When the pipeline includes an LLM stage, the upstream vLLM engine exposes its full set of ~37 metric families under the vllm: prefix.

vLLM-Omni wraps the upstream vllm.v1.metrics.loggers.PrometheusStatLogger with OmniPrometheusStatLogger so that the original engine single label is reshaped into stage + replica. Every vllm:* family — TTFT, ITL, TPOT, e2e latency, KV cache usage, scheduler running/waiting, request success counts, etc. — therefore gains per-(stage, replica) visibility automatically. No omni-side duplicate is needed for the text path.

# Before wrap:
vllm:num_requests_running{model_name="...", engine="1"}              3.0

# After wrap:
vllm:num_requests_running{model_name="...", stage="1", replica="0"}  2.0
vllm:num_requests_running{model_name="...", stage="1", replica="1"}  1.0

For the full list of upstream metrics, see the vLLM docs.

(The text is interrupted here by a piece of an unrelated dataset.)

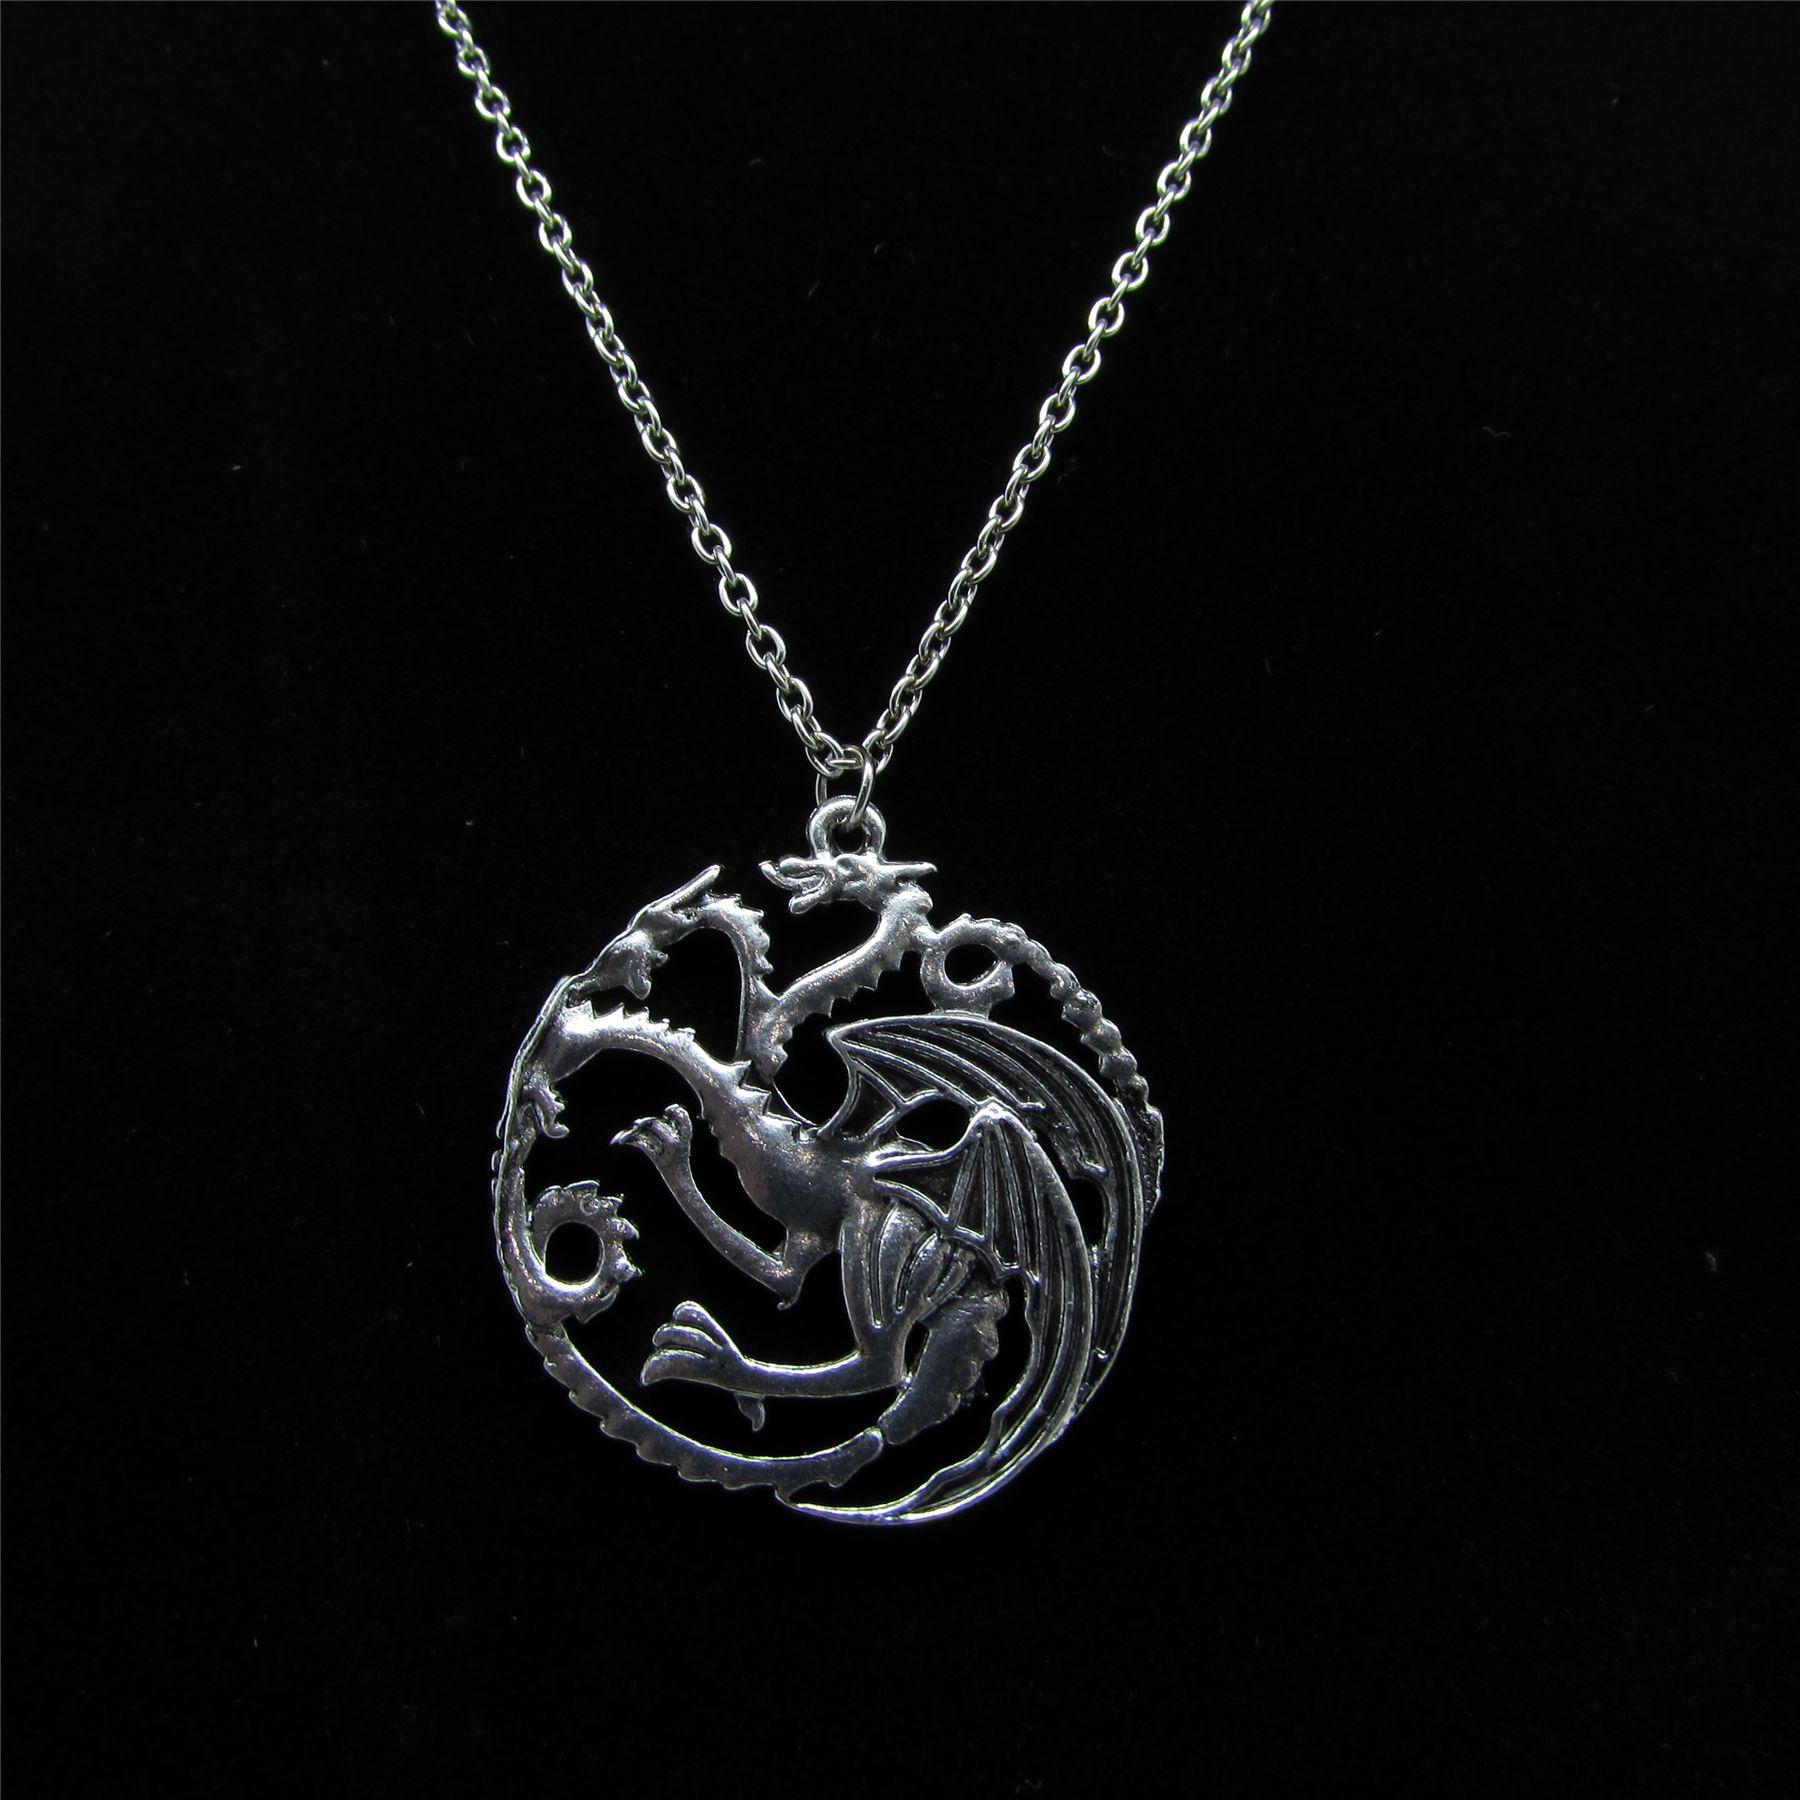 Game of Thrones Targaryen DRAGON Inspired Necklace Pendant NEW UK STOCK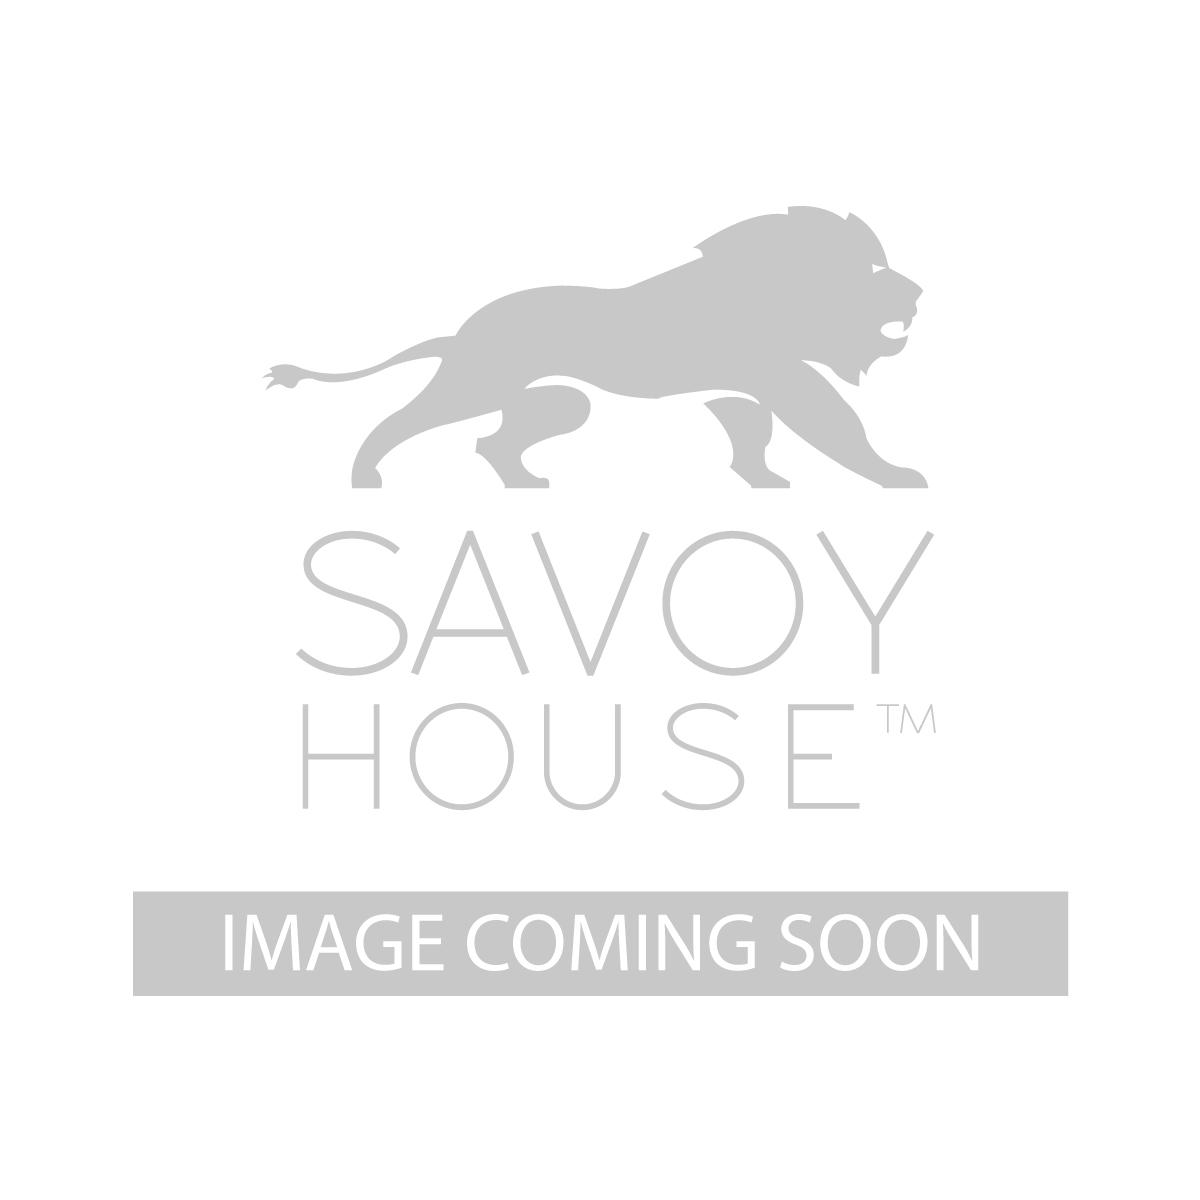 Aberdeen Flush Mount  sc 1 st  Savoy House & 6-150-14-109 Aberdeen Flush Mount by Savoy House

Metric Availability by Pipeline Type

Metric group Multi-stage LLM (Qwen3-Omni)
vllm:omni_ request tracking + latency With --log-stats
vllm:omni_ audio modality With --log-stats, if pipeline has a talker stage
vllm:omni_ transfer With --log-stats, if pipeline has ≥ 2 stages
vllm: engine metrics (per (stage, replica)) With --log-stats
vllm: MFU metrics With --log-stats --enable-mfu-metrics

Naming Convention

  • All time-bearing metrics use the _s suffix (values in seconds). Buckets are SECONDS_BUCKETS for e2e / generation-style values and SECONDS_FAST_BUCKETS (1 ms → 60 s) for the fine-grained transfer and audio-underrun values.
  • Counters use the _total suffix (auto-appended by prometheus_client).
  • Sizes use the _bytes suffix.
  • All omni-specific families are prefixed vllm:omni_. The upstream unregister_vllm_metrics() function is monkey-patched (see vllm_omni/patch.py) to a scoped version that still strips upstream vllm:* collectors so multi-engine init within one process does not crash on duplicate registration, but preserves anything prefixed vllm:omni_ / vllm_omni.
  • Text and audio first-output use distinct families (vllm:time_to_first_token_seconds reused from upstream for text; vllm:omni_audio_ttfp_s for audio) rather than a single metric with a modality label.